Ch1: "What was Troy to this?"
Engineers from 1850 to 1950 (i.e. the Golden Age of Engineering) worked in a bubble in which their profession was highly praised by poets and the public alike. For example, poet Percy MacKaye wrote, "Where the tribes of man are led towards peace / By the prophet-engineer."
Florman: "The engineer's works would also contribute to brotherhood by literally bringing men closer together...In short, engineers of the Golden Age were not at a loss for intellectual, philosophical, and spiritual gratifications to go along with their often not inconsiderable tangible rewards."

Ch2: Decline & Fall
"It [is] apparent that engineering's Golden Age ended abruptly about 1950, and that the profession, for all its continuing technical achievements, finds itself at the present time in a Dark Age of the spirit." What led to this decline and fall?  (Nuclear Armageddon, H-bombs, radioactive fall out from nuclear weapons testing, Korean & Vietnam war stagnation, Silent Spring, The Waste Makers, Unsafe at Any Speed, The River Killers, The Limits to Growth)
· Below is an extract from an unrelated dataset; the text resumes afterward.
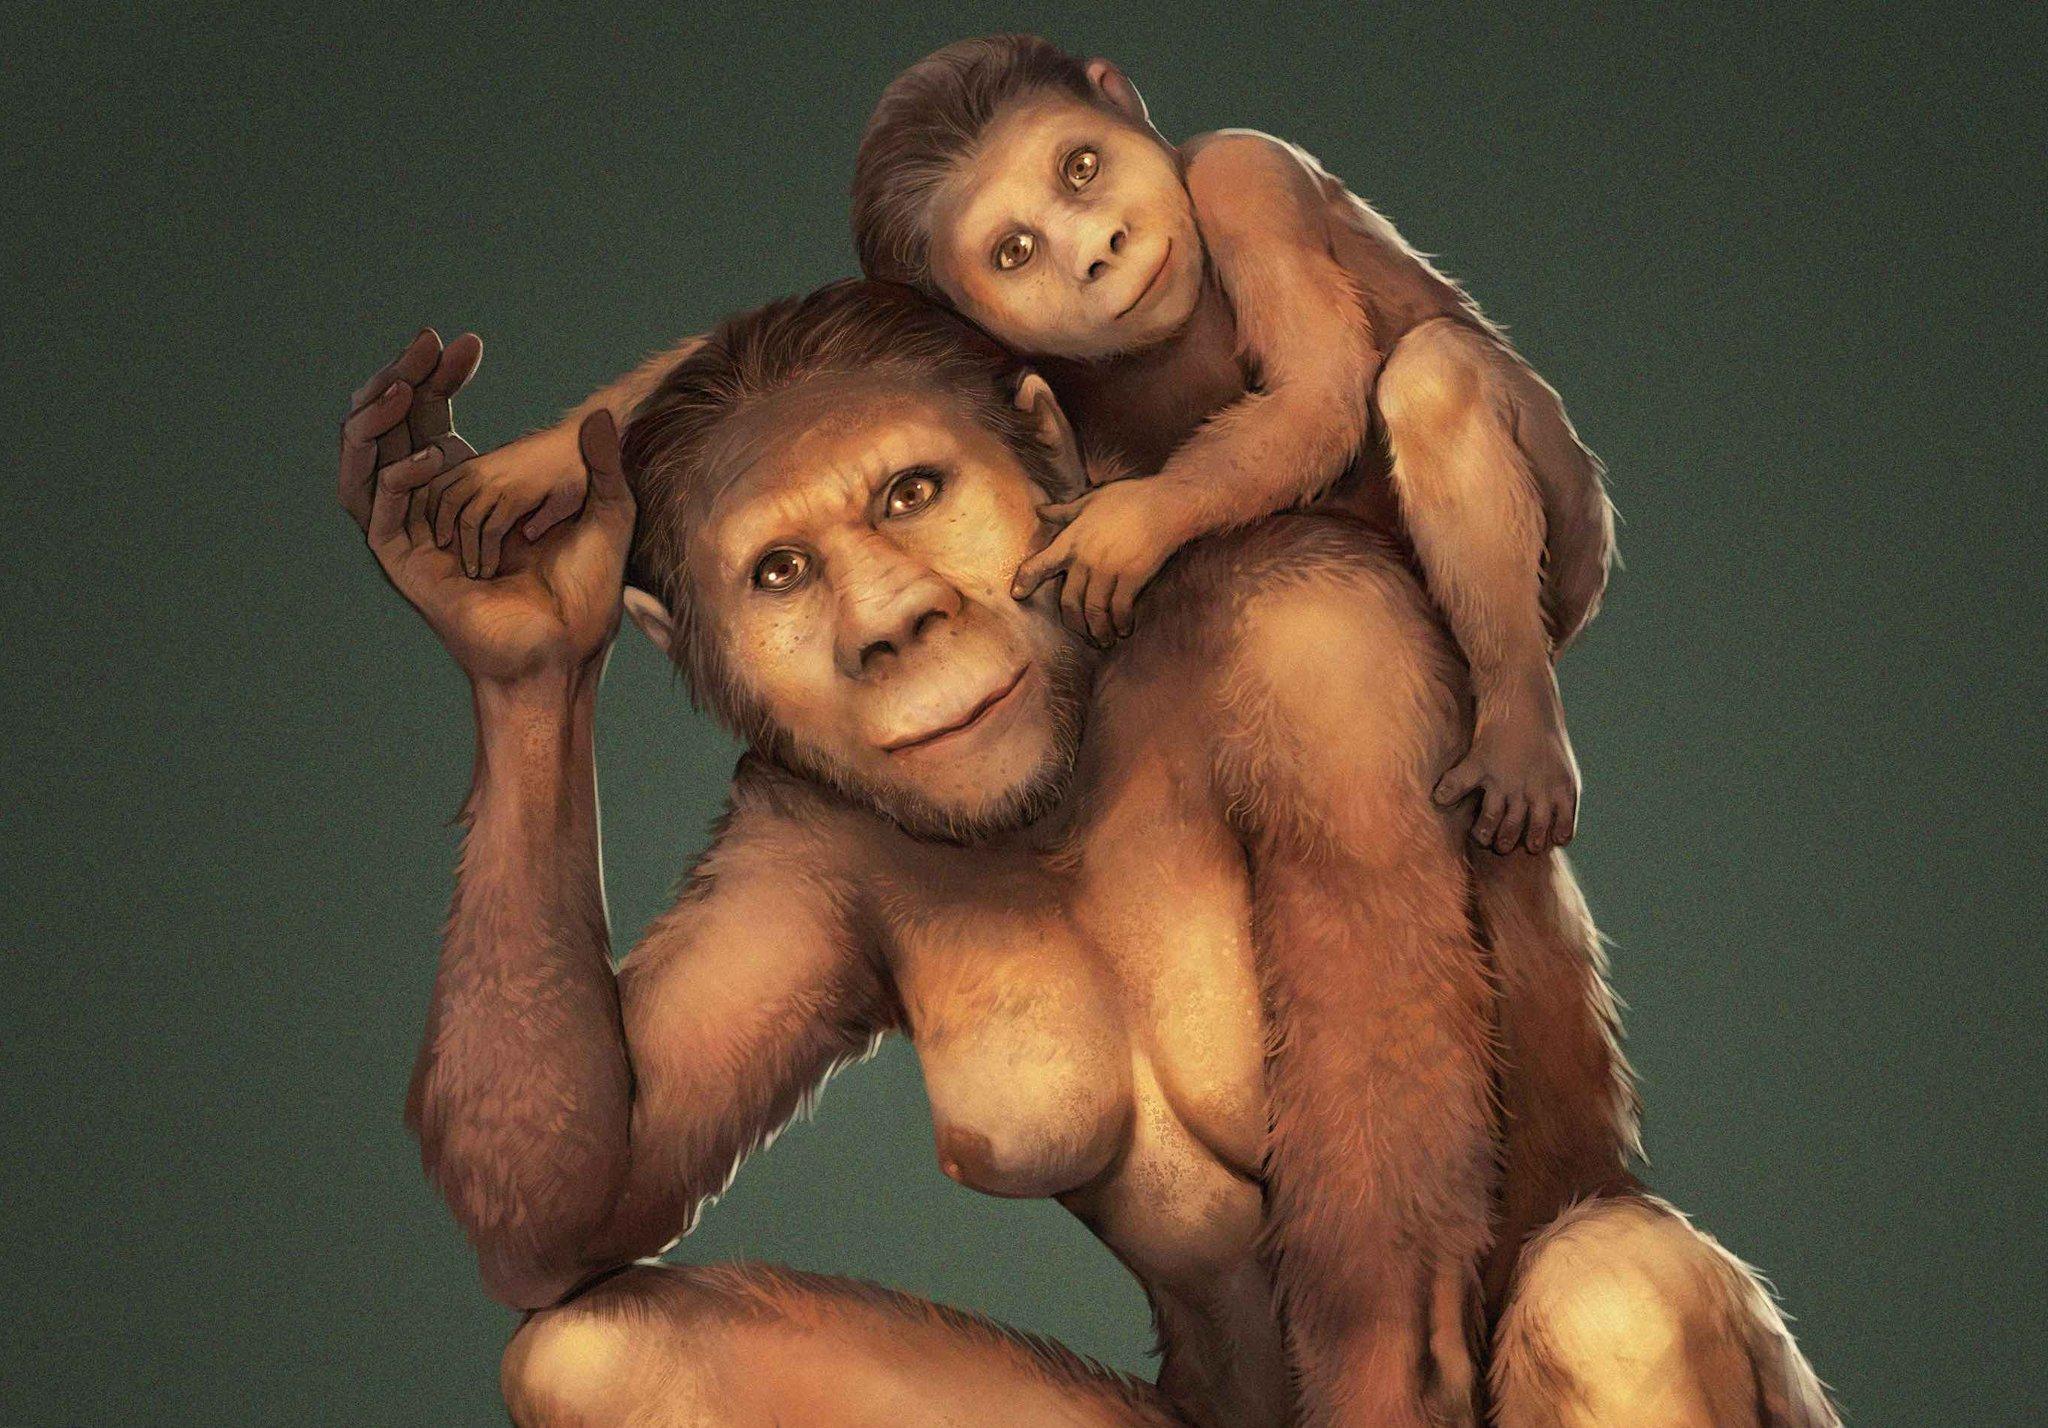 Auf dieser Zeichnung ist eine Mutter der Vormenschen-Art Australopithecus africanus zu sehen, die ihr Kind auf der linken Schulter trägt. Anhand von Zahnanalysen fanden Forscher heraus, dass die Mütter dieser Art ihre Kinder etwa ein Jahr lang stillten, ihnen aber auch später noch in Notzeiten Milch gaben
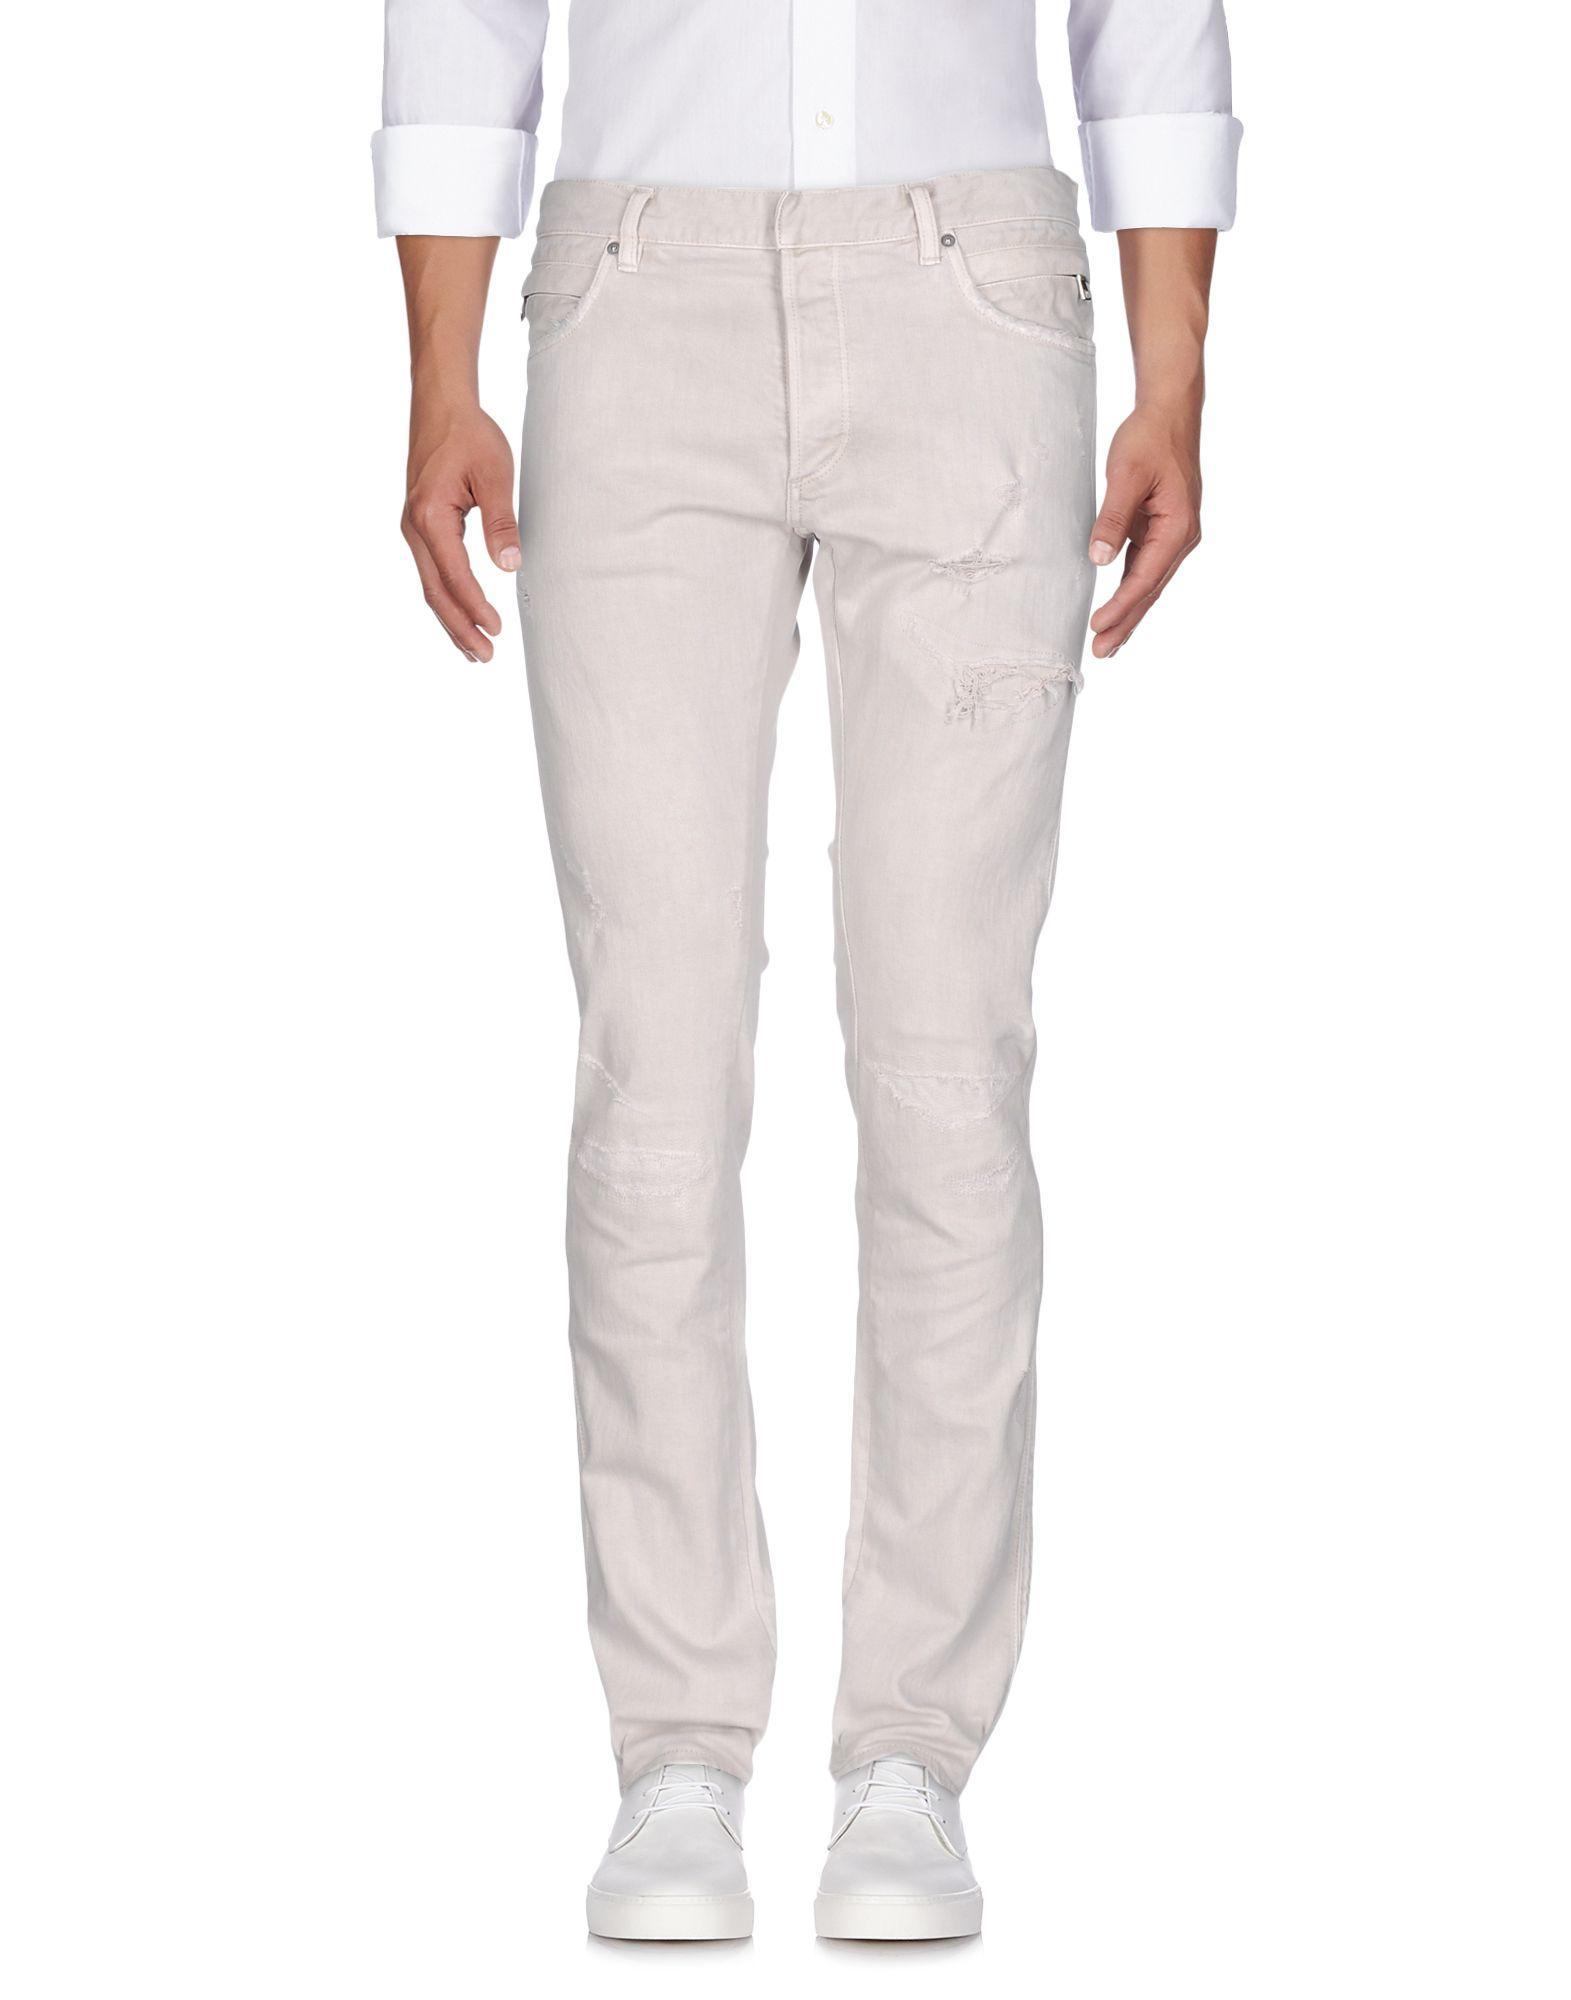 688777bc801b5b Balmain Denim Pants In Grey | ModeSens

Ch3: Conscience, Error & Responsibility
"Suggestions were made that our problems would go away if only engineers would become more moral. The environmental crisis would never have occurred, so the reasoning goes, if engineers had only given warning and refused to work on evil projects. Editorials and sermons now call upon the engineer to develop a conscience so that the world can be saved." But "Civilized men had long recognized that laws and regulations, mutually agreed upon, are the only sound protection for society against the self-interest of each of us...We are agreed that we want to do the right thing. But how are we to determine what the right thing is? The thought of engineers designing and manufacturing weapons of war is horrifying to some of us, but many engineers consider such activity necessary and proper for the sake of freedom and national security...Many engineers consider it wrong to act the role of a Temperance Society, seeking to deprive people of products they desire, or even to drive prices sky-high by building in fail-safe features which people do not want...that a totally safe car will encourage reckless driving. We will search in vain for a single engineering moral absolute acceptable to the entire profession...Engineers are conservatives and radicals, hawks and doves, idealists and pragmatists. We are not talking about good versus bad. We are confronted by a multitude of good objectives competing for limited resources, and present needs conflicting with obligations to the future. The big questions of what to do next are not technical, or only partly technical. They are primarily political." In summary: We can't even agree upon scientific facts, let alone agree upon of want is the good life. "With the religion of Progress lying in ruins about us, we engineers will have to relinquish, once and for all, the dream of priest-hood, and seek to define our lives in other terms."

Ch4: Anti-technology
Florman summarizes the main arguments of the anti-technologsists
1) "Technique" has run amok, it has become a Frankenstein monster that cannot be controlled. Technology is a 'thing' or a 'force' with an existence of its own. Lewis Mumford says: "Not merely does technology claim priority in human affairs: it places the demands for constant technological change above any considerations of its own efficiency, its own continuity, or even, ironically enough, its own capacity to survive."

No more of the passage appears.